The provisions that prohibit providers from balance billing patients and require them to engage in negotiation and arbitration also apply to out-of-network services (such as anesthesiology, radiology, or laboratory work services) performed in an in-network facility and to all out-of-network emergency services. The agencies issued interim final regulations with respect to these out-of-network services earlier this year.

Reporting Requirements

ERISA Section 723 will require group health plans and air ambulance providers to report certain air ambulance service and claim information within the 90-day period after December 31 for each required reporting year, beginning with 2022. The act then directs HHS, in conjunction with the U.S. Department of Transportation, to develop a comprehensive report on air ambulance billing based on the information submitted to the agencies. The proposed rule specifies the information required to be included in the reports by health plans and air ambulance providers.

Employers must submit reports for the 2022 calendar year to HHS by March 31, 2023, and calendar year 2023 reports will be due by March 30, 2024. If an acquisition occurs during the year, the entity that acquired the other party responsible for reporting (an air ambulance provider or plan sponsor) has the obligation to report for the entire calendar year. Employers with insured plans are exempt from the reporting requirement if they require, by written agreement, the insurance issuer to report the information. If such a written agreement is in place, the insurance issuer will be on the hook for any reporting noncompliance. Reporting for self-funded plans may be done by third-party administrators, but plan sponsors would remain legally responsible for any reporting failures.

Under the proposed rule, reports submitted by health plans must include the following information “for each claim for air ambulance services that was received or paid during the reporting period:

  • Identifying information for any group health plan, plan sponsor, or issuer, and any entity reporting on behalf of the plan or issuer, as applicable
  • Market type for the plan or coverage (individual, large group, small group, self-insured plans offered by small employers, self-insured plans offered by large employers, and Federal Employees Health Benefits)
  • Date of service
  • Billing [National Provider Identifier] (NPI) information
  • Current Procedural Terminology (CPT) code or Healthcare Common Procedure Coding System (HCPCS) code information”
  • Transport information (aircraft type, loaded miles, pick-up and drop-off zip codes, whether the transport was emergent or non-emergent, and whether it was an inter-facility transport)
  • If available to the plan, the service delivery model of the provider (government-sponsored, public-private partnership, tribally operated, hospital-sponsored, hybrid hospital-independent partnership, or independent)
  • Whether the provider had a contract with the plan
  • “Claim adjudication information, including whether the claim was paid, denied, [or] appealed,” the reason for any denial reason, and the outcome of any appeal
  • “Claim payment information, including submitted charges, amounts paid by each payor, and [any] cost sharing amounts”
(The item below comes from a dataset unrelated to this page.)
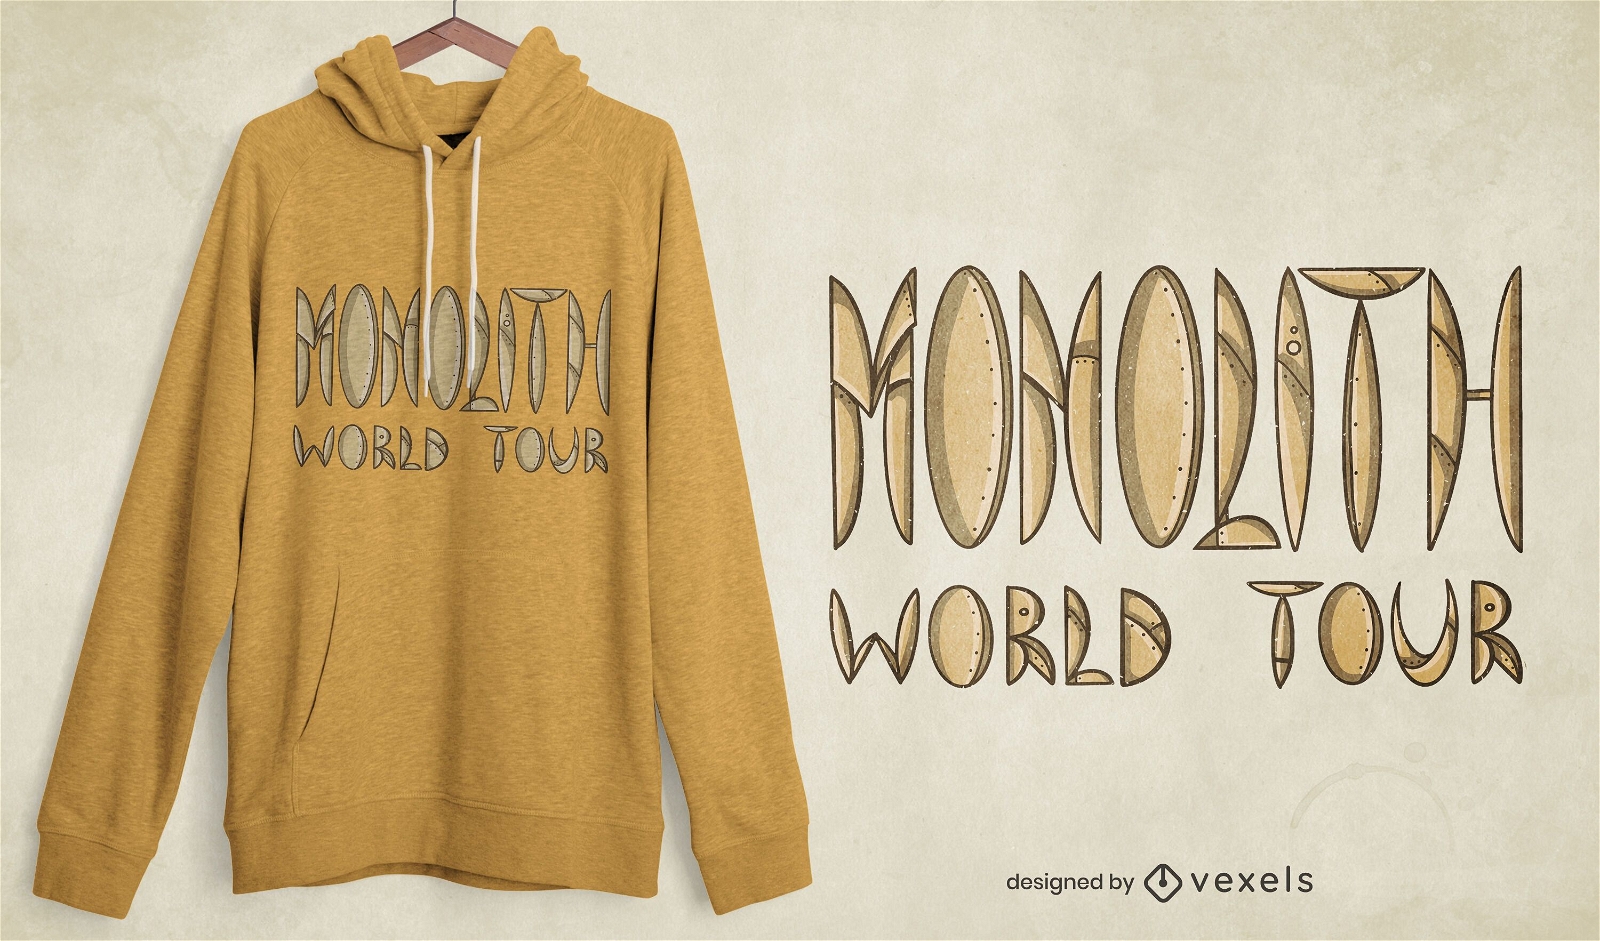 Dise?o de camiseta Monolith World Tour

Reports submitted by air ambulance service providers will include additional information.

Enforcement

The No Surprises Act provides for a maximum penalty of $10,000 for air ambulance providers that violate the reporting requirements. Neither the act nor proposed rule provide specific penalties for reporting failures by group health plans, but plans are subject to other civil penalty provisions that apply to health plan failures generally. The rule lays out factors that CMS will consider in determining the amount of a penalty for air ambulance provider reporting failures, including history of prior violations, the frequency of the violation in the report, and the level of financial and other impacts on affected individuals.

Regulations implementing other No Surprises Act and health plan transparency requirements are expected to be issued within the following year.